Hands on with iPhone 3.0
When O2 customers moaned about iPhone 3G S upgrades, the firm was quick to point out that version 3.0 of the iPhone OS would deliver almost everything the 3G S offered - without the pant-threateningly expensive upgrade prices.
So now it's here, is O2 right? Is Version 3.0 a whole new iPhone?
As far as everyday usability is concerned, iPhone 3.0 delivers three key features: copying and pasting, Spotlight searching and more use of the landscape keyboard. You now get a landscape keyboard in Mail, Messages and Notes, and the new developer APIs should see it in third-party apps, too.
However, we have one big reservation about the keyboard, and that's its size: it's still useless for fingers, but by taking the full width of the screen it's too wide for thumbs. For us at least, it's an ergonomic disaster area.

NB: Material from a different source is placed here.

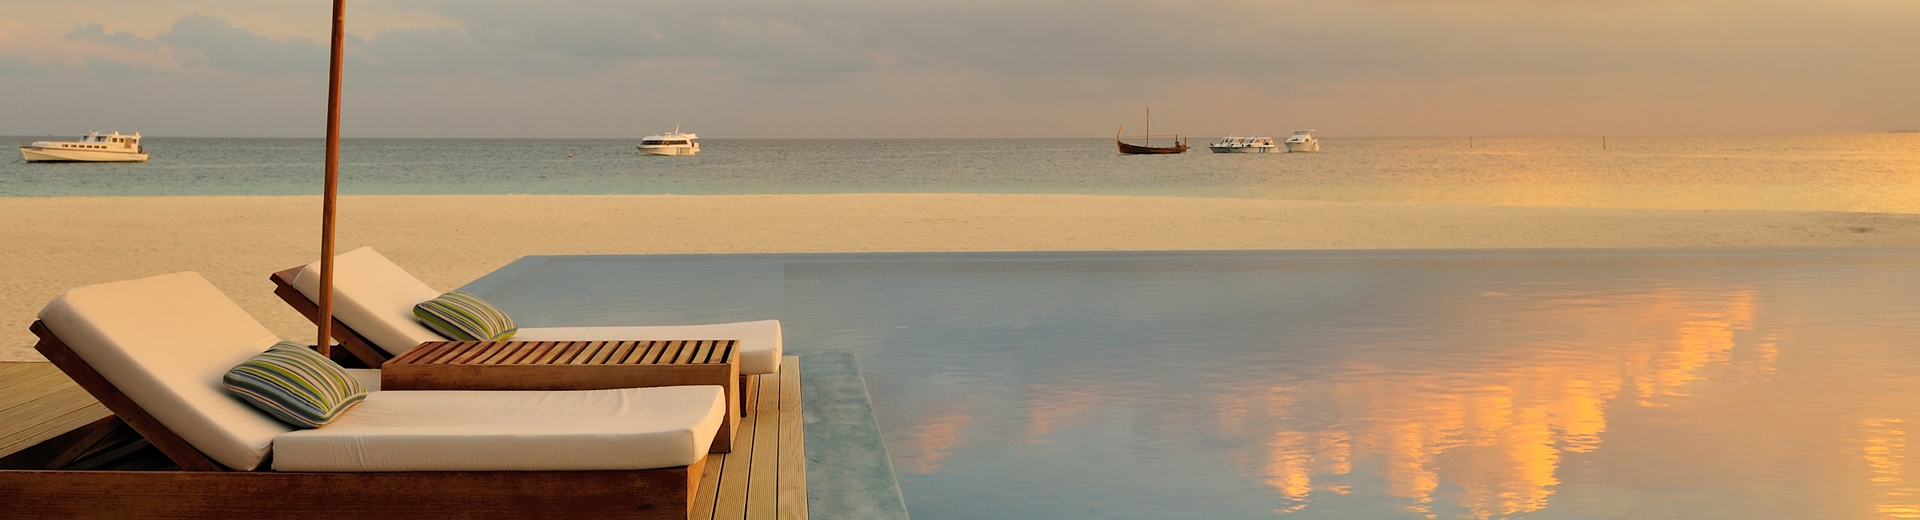 馬爾地夫旅遊飯店推薦-薇娜沙露島
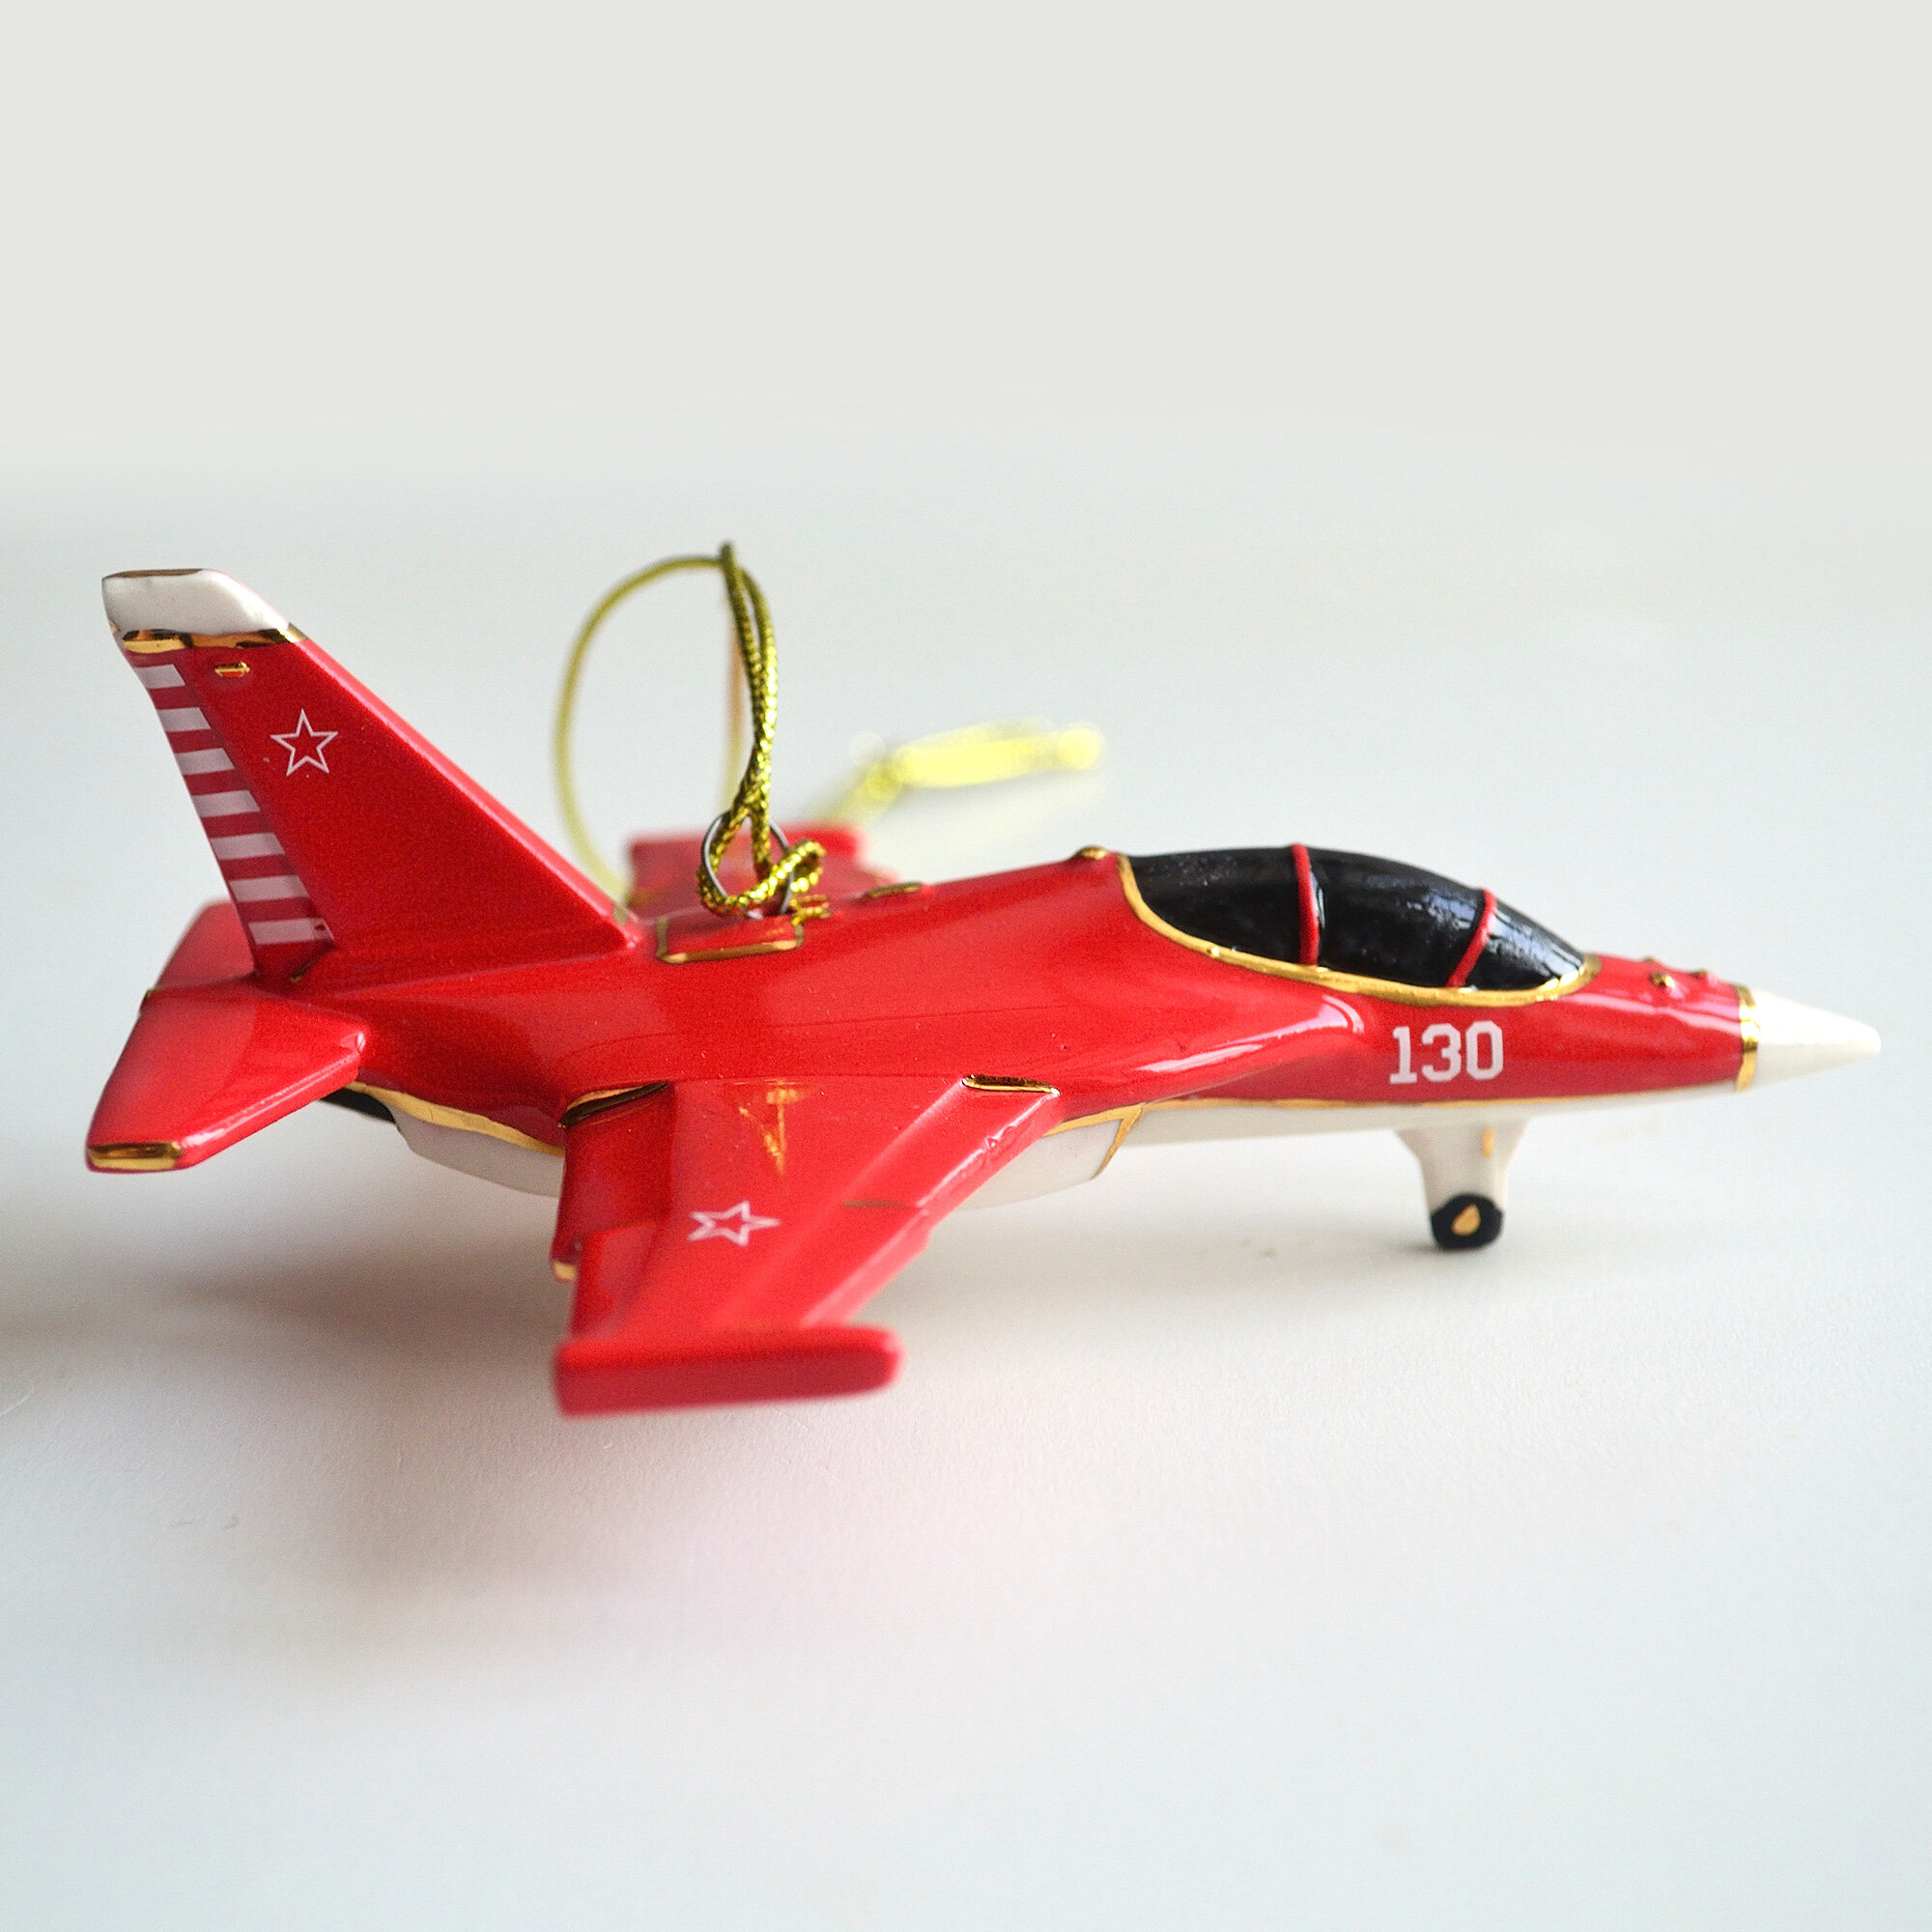 Елочная игрушка из фарфора самолет ЯК-130 красный

GO WIDE: The landscape keyboard is now available in Messages, Mail and Notes. The proportions are weird, though, and we found it very uncomfortable
With the arrival of Spotlight you can now search your iPhone in the same way as you search your Mac. Well, almost. While Spotlight does a decent job of phone-wide searches - for example searching for a name will bring up results from your Address Book, from Mail and from any other apps such as Calendar that contain that person's name - it's inevitably less powerful than its desktop equivalent, especially on email. You can search message titles and senders, but not the content of email messages.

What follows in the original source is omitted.